4. ADG Engine Methodology

To implement ADG Engine, we created algorithms that generate events for each of the data platforms: credit card transaction data, bank accounts data, health record data, telecommunication data, and social media activity data. Instead of generating data for each one individually, isolated from the other platforms, ADG Engine re-uses the same users from one platform to another to accurately match the spread of real-life users across multiple services. From another perspective, ADG Engine creates one hundred different users and generates data instances for each user on all five data platforms. The data platforms ADG Engine is working with can be described by the following qualities: the number of features The Engine track, the number of keys in the data platform, and the number of anomaly features the Engine scan for. If there should be a need to introduce a sixth data platform, it will be entirely possible to describe that data platform using these same qualities. This relationship can be seen in the block diagram shown in Figure 1.

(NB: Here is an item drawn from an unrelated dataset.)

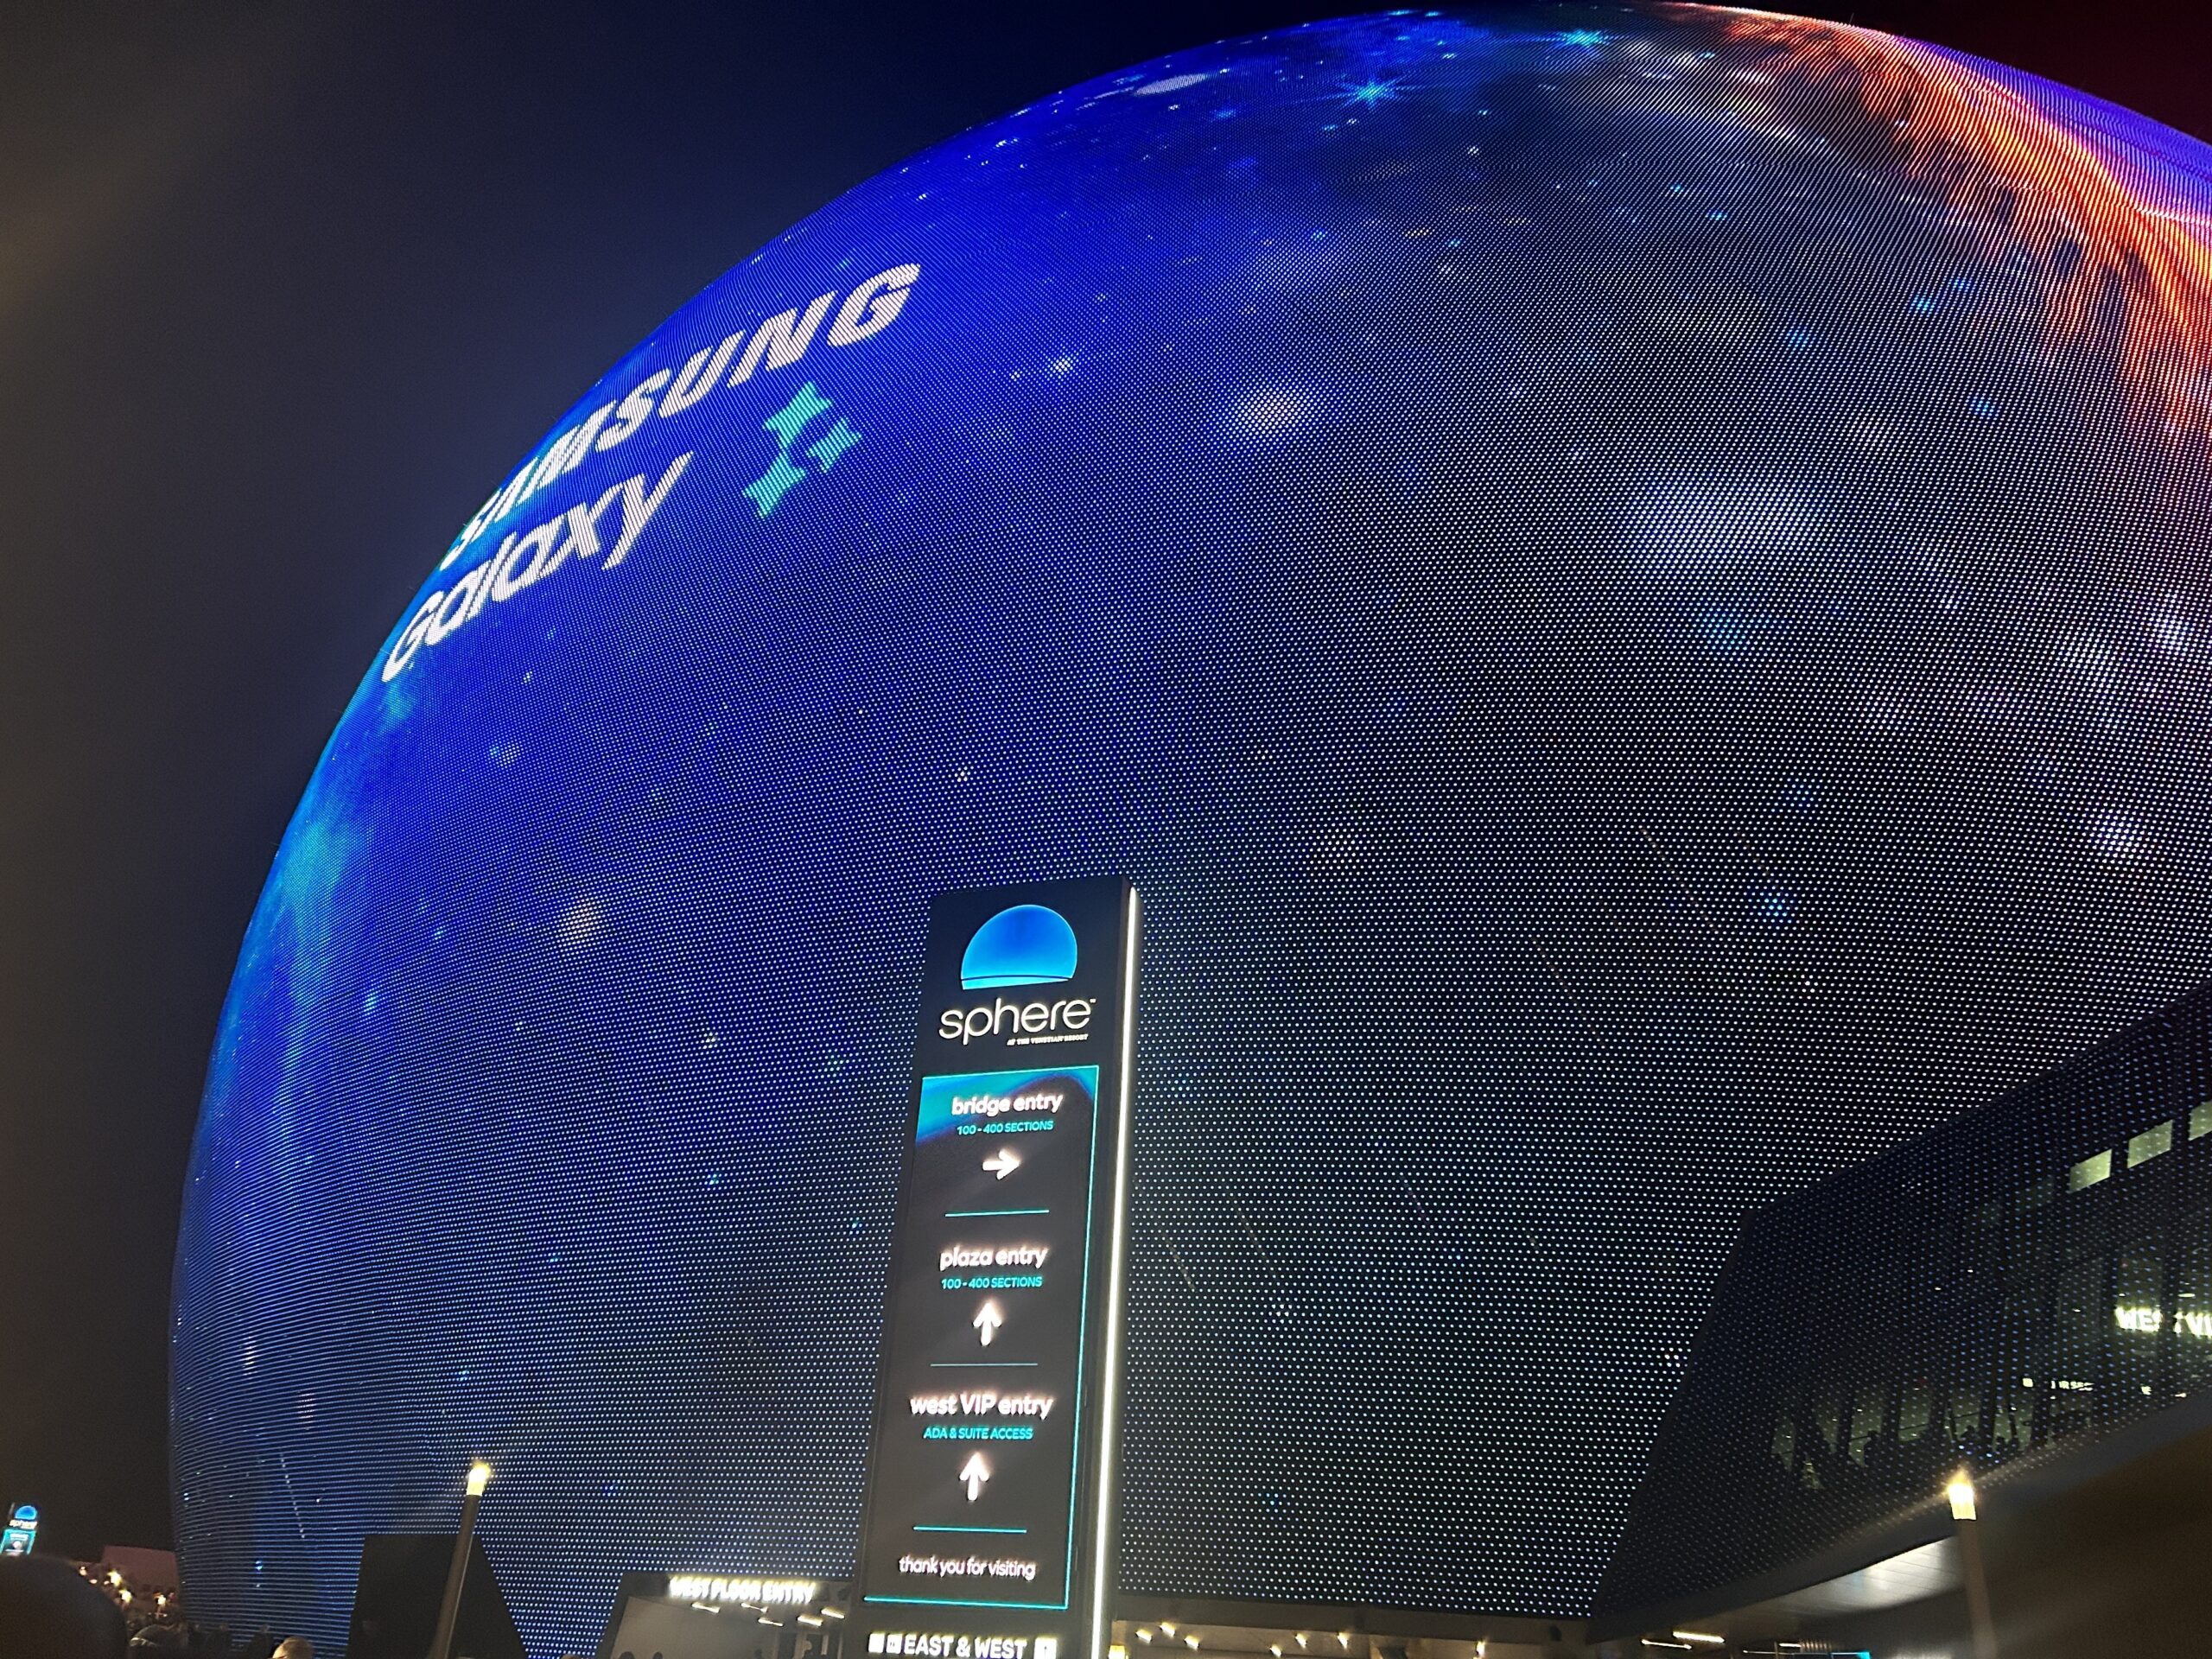 Picture of the Sphere from the outside

To make the distribution of anomalies more accurate to real-life trends, we must first know the expected distribution of values. It is only in relation to the expected value that an anomalous value can be genuinely anomalous. If this distribution is constant for everyone, we simply need to specify the distribution ourselves before running ADG Engine. However, in cases where the expected outcomes vary from person to person, ADG Engine must have a way to dynamically calculate the expected distribution based on the user data. Figure 2 shows the process of data generation from the perspective of factors common to all five data platforms. For the user we are working with, ADG Engine begins by instantiating the platform profiles, one profile for each platform. Then, for each of these profiles, ADG Engine generates enough primary keys to match the requirements specified by the platform. These primary keys will be the seeds that ADG Engine will use to randomly generate the rest of the features. At the same time, ADG Engine identifies which features of the data platform are designated as anomaly features. Anomaly features are the features of the data platform that can have discernably anomalous data, and as such ADG Engine needs to determine what the expected distribution of data is. If the anomaly feature is static, ADG Engine uses a manually defined expected distribution defined ahead of time. However, if the anomaly feature is dynamic, ADG Engine generates a function that automatically calculates the expected distribution. Once the expected distribution has been determined for all anomaly features, ADG Engine has everything to create the final data platforms which will be explained in detail by the data Synthesis section.

5. Data Synthesis

When generating a given feature, it is possible to specify a sequence of weights pertaining to the expected ratio of values. Between competing mutually exclusive options, the weights describe what outcome we consider likely. For example, if a time-based feature were divided into four segments: morning, afternoon, evening, and night, then a set of four weights could describe which of those sections the event is most likely to happen in. If the event is far more likely to happen in the afternoon than anytime else, a weighting of [10, 90, 10, 10] could accurately describe the ordinary baseline.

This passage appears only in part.